The move comes almost twelve months to the day after the town’s long-established Northavon Bowling Club was forced to wind itself up after a dispute with Bradley Stoke Town Council (BSTC) over the rental of the bowling green at Baileys Court.
The Town Council had insisted upon increasing the rent by 8% p.a. over a ten year period and when the bowlers refused to agree to the new terms they were locked out of their ground.
The dispute, dubbed “Battle of the Bowls” by the national media, hit the headlines in April 2008 when a group of bowlers found their way into the ground to stage a protest match. The Council reacted by calling in the police, who turned up in force to deal with the elderly rebels.
Hopes of a possible settlement were raised in December 2008, when senior Councillors and representatives of the club were said to have informally agreed new terms, but the proposed deal failed to gain the support of the Council’s Finance and Leisure Committee.

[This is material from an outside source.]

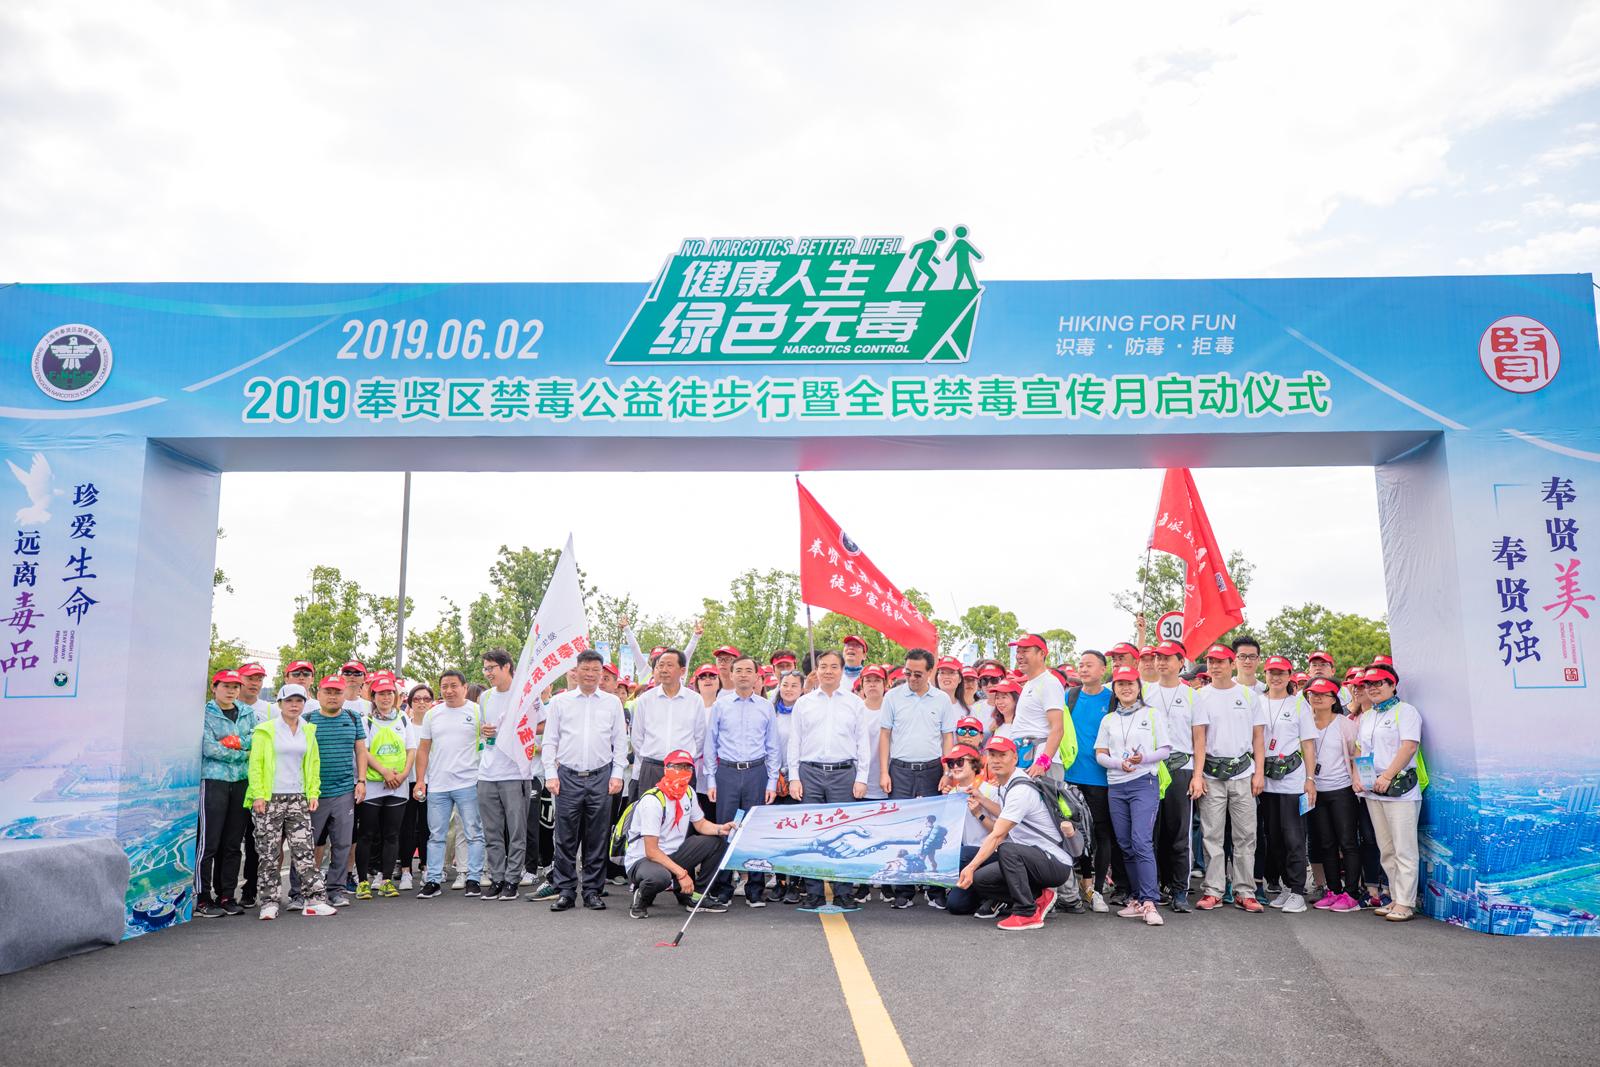 6月2日,2019年奉贤区禁毒公益徒步行暨全民禁毒宣传月启动仪式在金海湖畔上海之鱼年丰公园举行,拉响
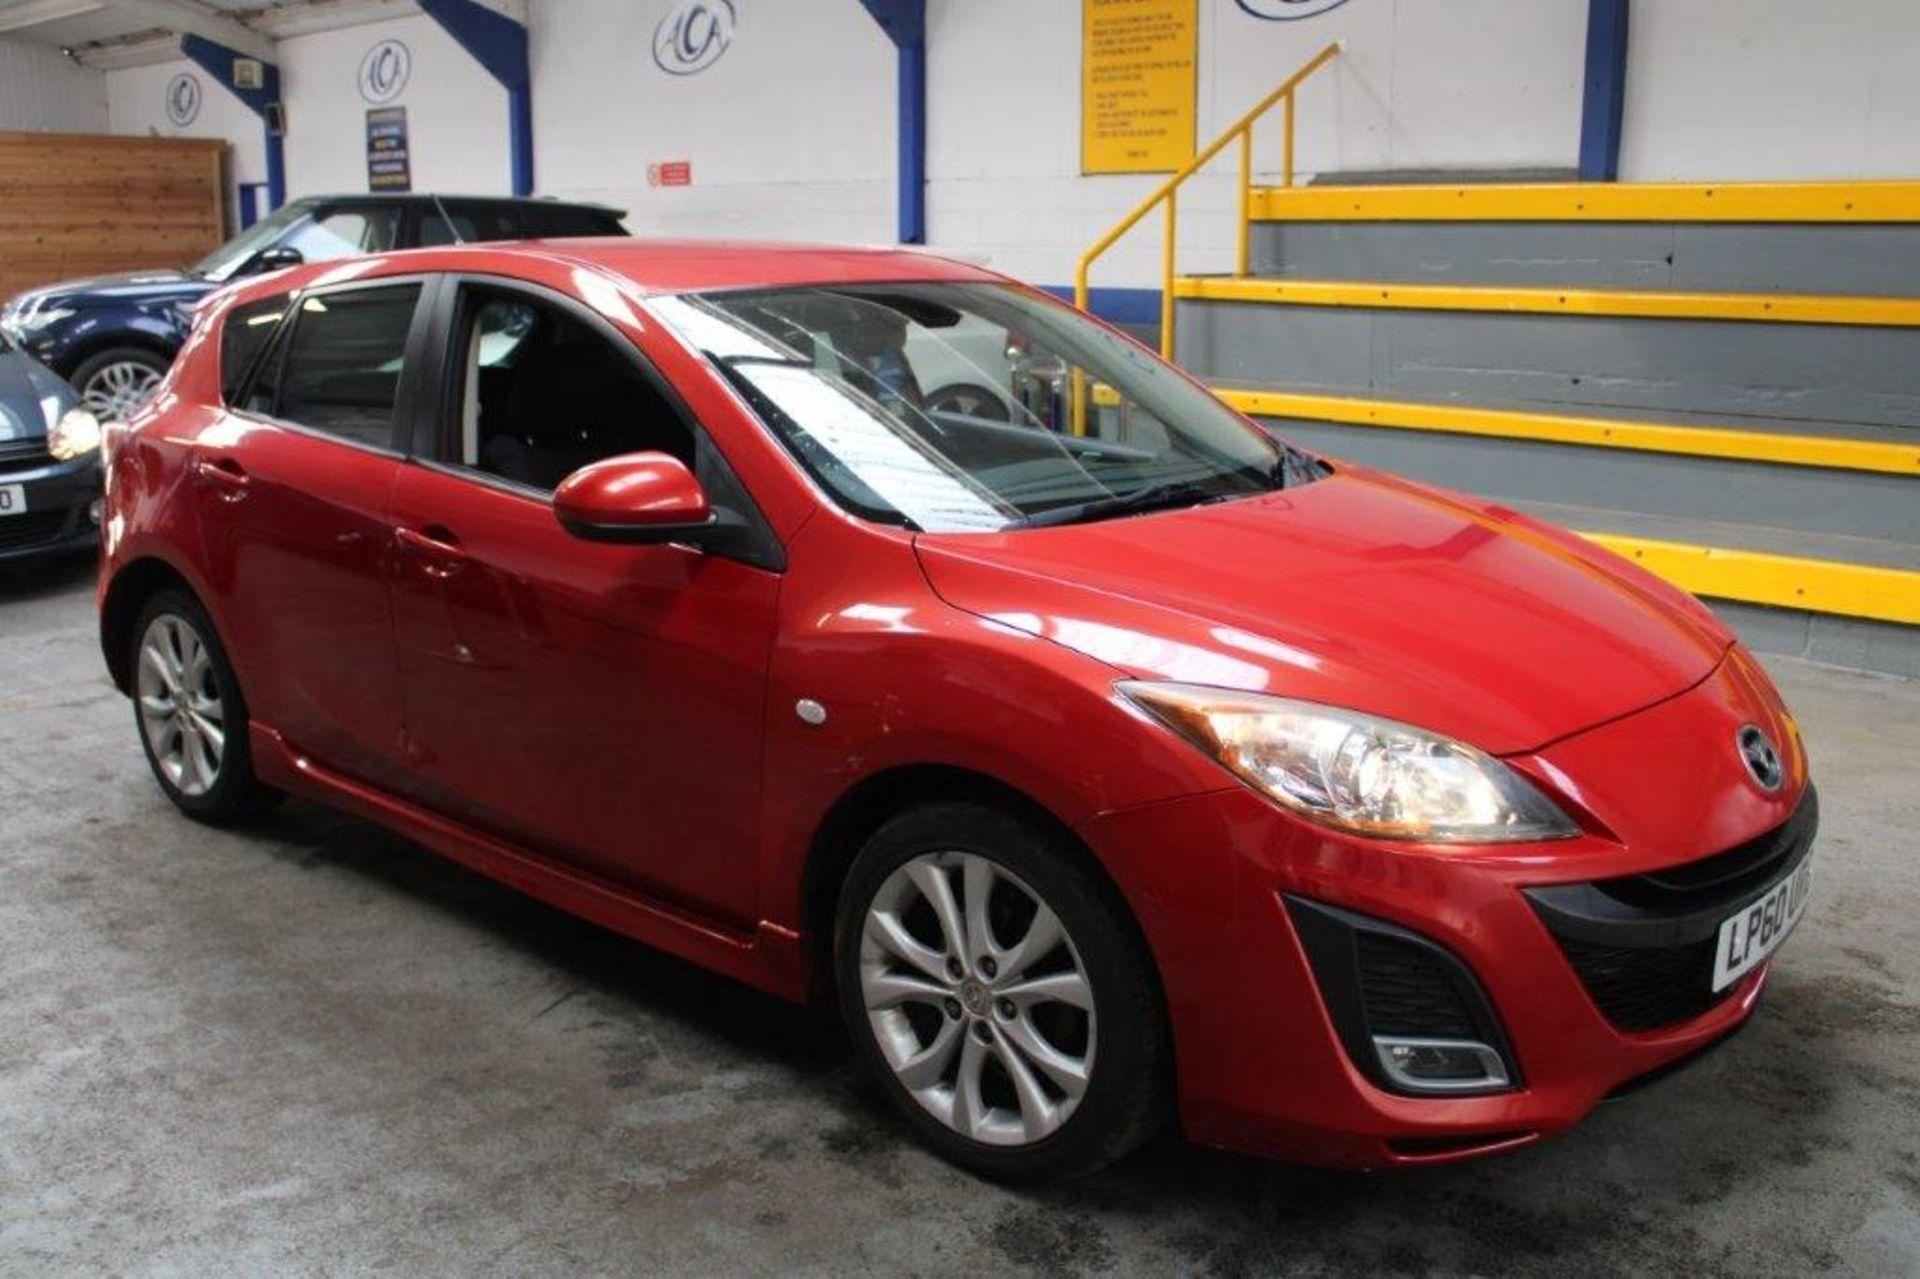 60 11 Mazda 3 Sport - Image 7 of 26

The bowlers subsequently called an extraordinary general meeting on 24th January 2009, at which it was unanimously decided to wind the club up.
The fracas has had serious financial implications for the Council, which is now liable for the maintenance of the bowling green at Baileys Court, an £8,000 p.a. cost previously borne by the bowls club. It has also lost out on the £2,000+ clubhouse hire fees previously paid by the bowlers.
Cllr Julian Barge, Mayor at the time of the April 2008 ground invasion, told BBC Points West that the bowls club “needed to get into the real world”. Two years on, the Council is now having to face up to the “real world” consequences of its decision, which in financial terms must already amount to something in the order of £20,000 (excluding legal expenses).
The possibility of forming a new bowling club in the town was first raised by Cllr Ben Walker at a Council meeting on 16th September 2009. That meeting was told that former Northavon President Jim Durlacher had expressed a interest in forming a new ‘Bradley Stoke Bowling Club’ to be based at Baileys Court.
The following morning, Cllr Walker and Mayor Mark Forsyth took part in a live interview from the Baileys Court ground on BBC Radio Bristol. Representatives from the would-be bowls club were, however, conspicuous by their absence, which rather reduced the impact of the broadcast.
A press release put out the same day by BSTC quoted Mr Durlacher as saying he was confident of attracting 50 bowlers to the new club in time for the 2010 season.
The previous bowls club is thought to have had around a hundred members at the time of its demise, but the majority of those have now joined neighbouring clubs and many are likely to be reluctant to return to join a fledgling group in Bradley Stoke.
When The Journal spoke to Mr Durlacher last week, he seemed to have set his sights somewhat lower, saying that he hoped he could attract 30 members for the new club’s first season. His concept of a maximum £35 annual membership fee is also likely to be at odds with the Council’s expectations – at that rate the Council is only going to recoup one tenth of the annual £10,000 hole in its finances caused by the demise of the old club.
The inaugural meeting of the new bowling club takes place at the Baileys Court Activity Centre at 7:30pm on Wednesday (13th January). All those interested in bowling are invited to attend and training is promised for all new bowlers.